1. A method of generating a polypeptide comprising the steps: providing a sequence of polypeptide;converting said sequence of polypeptide into a series of a plurality of mRNA codon sequences;labeling each of said mRNA codon sequences and identifying said mRNA codon sequence based on an order in which said mRNA codon sequences are structured, such that each of said mRNA codon sequences are identified as an nth mRNA codon sequence, wherein n refers to the order in which said mRNA codon sequences are situated pursuant to said series;identifying a frequency corresponding to each of said mRNA codon sequences;emitting a series of electromagnetic signals based on said frequency, such that a stimulated ribosome synthesizes the polypeptide as if a physical mRNA having said series of said plurality of mRNA codon sequences; andgenerating said polypeptide by said stimulated ribosome.

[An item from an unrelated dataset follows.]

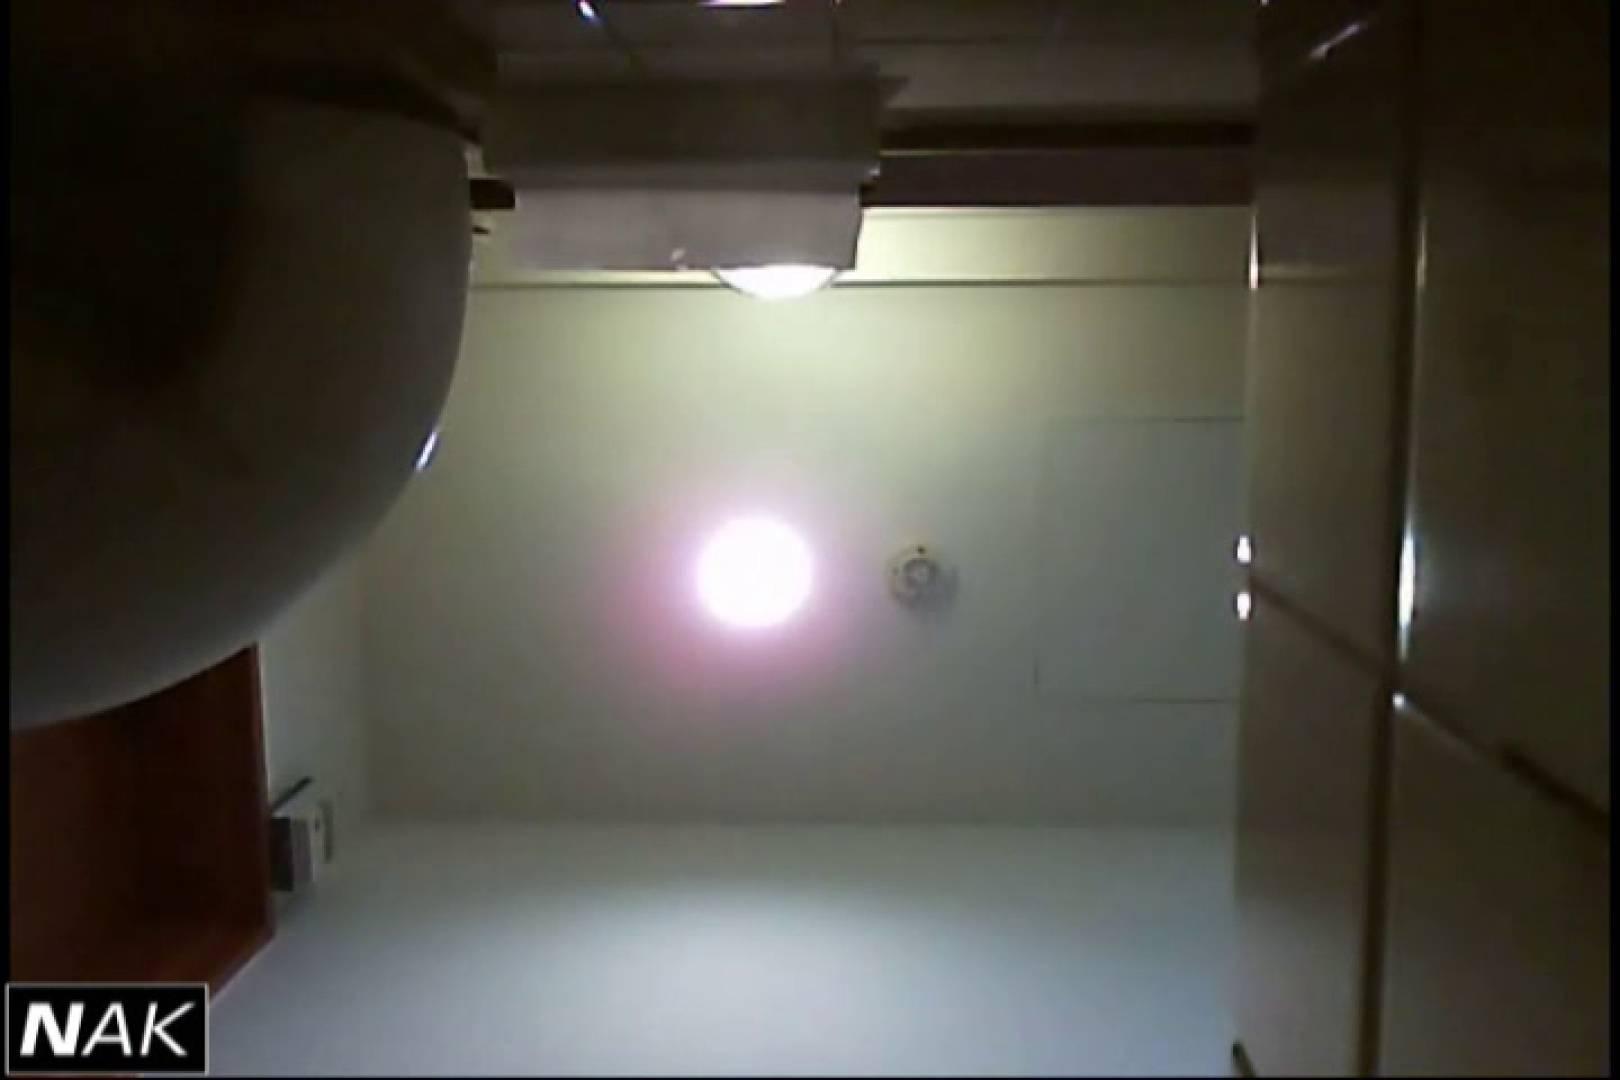 亀さんかわや VIP和式2カメバージョン! vol.14 オマンコ | 黄金水  58pic 40

2. The method of generating a polypeptide of claim 1, wherein said polypeptide is a therapeutic protein.

3. The method of generating a polypeptide: of claim 1 wherein said sequence is designed by humans.

4. The method of generating a polypeptide of claim 1, further comprising the step of tissue regeneration by said polypeptide.

5. The method of generating a polypeptide of claim 1, further comprising the step of increasing lifespan of certain cells by said polypeptide.

6. The method of generating a polypeptide of claim 1, further comprising the step of lengthening telomeres by said polypeptide.

7. A device for stimulating ribosomes, comprising: an electromagnetic signal transmitter;wherein said electromagnetic signal transmitter is configured to emit an electromagnetic signal to stimulate a ribosome into synthesizing a polypeptide;wherein said polypeptide is configured to be translated by said ribosome from a series of codons;wherein attributes of said electromagnetic signal are calculated based on an analysis of said series of codons; andwherein said analysis is conducted by converting the molecular properties of individual nucleotides into a frequency, wherein said attributes comprise said frequency.

8. A method of programming ribosomes to synthesize specific proteins by altering their RNA sequence.

9. The method of programming ribosomes of claim 8, wherein said programmed ribosomes are configured to inhibit production of undesirous proteins; wherein said undesirous proteins may promote tumor growth, as an example.